MTR Foods has been grappling with the intricacies of managing its supply chain to generate a profitable rate of growth. Among the top-five processed food manufacturing companies in the country, the company has seven diverse businesses—ready-to-eat foods, instant foods, ice-cream, meal accompaniments, frozen foods, spices & masalas, and vermicelli—and 200 products in all. The company also exports its products to the US, Canada, Europe and Australia. The raw material required for each plant is unique. Maintaining quality while managing such a complex supply chain that involves everything from the selection of products to sending out the finished products was difficult.

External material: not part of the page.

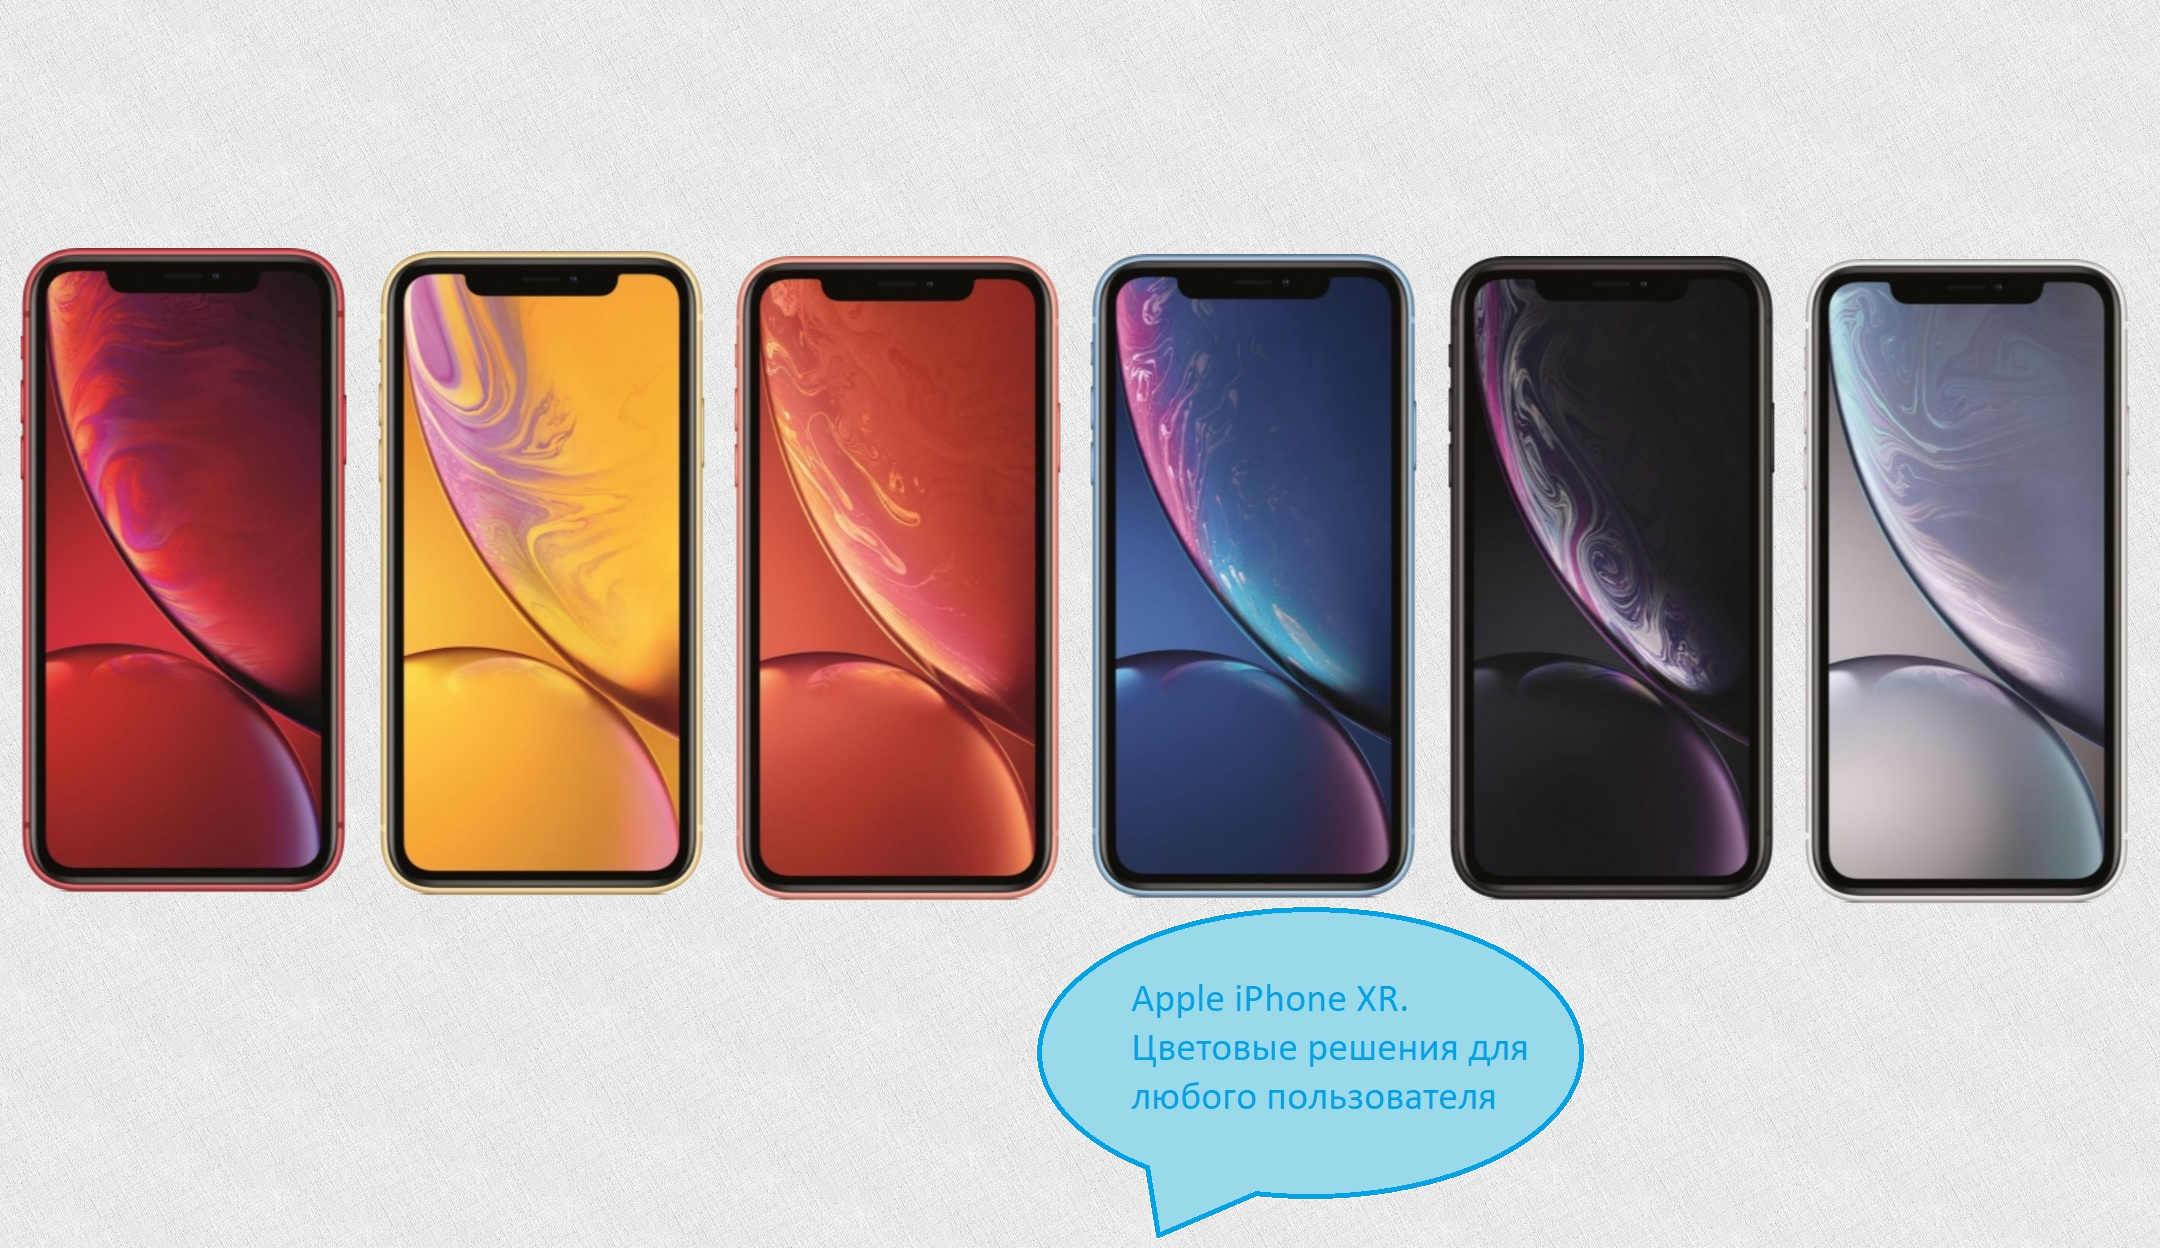 iphone XR цветовые решения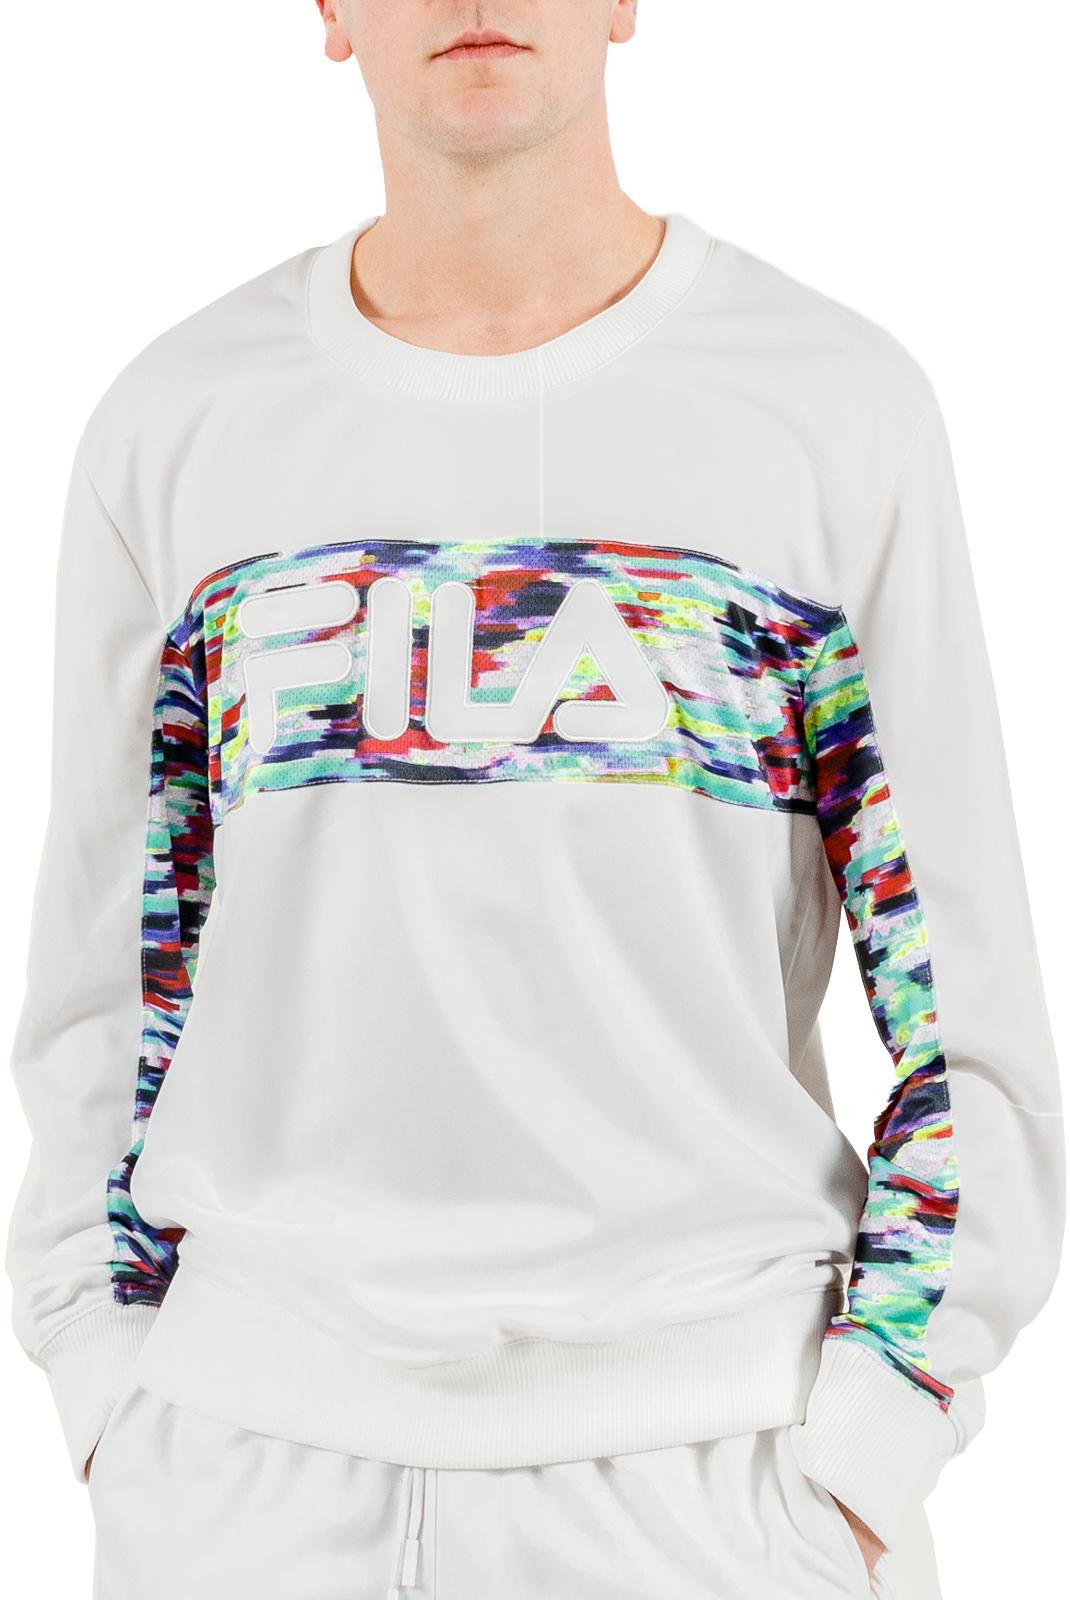 Sweatshirts  Fila 684486 walter 1 WHITE

For instant food, we have 600 raw materials to source. As the company is in the processed foods industry, it cannot buy the raw materials that are required in bulk in advance. In the pre-SAP period we used to buy 65 percent of our annual raw material requirement in the agricultural season to get the best of the yield, which would lead to our working capital getting locked up. Some percentage of this raw material used to spoil, and had to be discounted leading to a clear input cost loss. Similarly, for our vermicelli production, we used to source 12,000 tonnes of ‘chiroti suji’ from 40 different suppliers as far away as Uttar Pradesh, Madhya Pradesh and Haryana. The first challenge was to ensure a steady and transparent supply chain since inefficiencies and delays in supplies are common and natural in agricultural commodity markets, leading to spiralling costs.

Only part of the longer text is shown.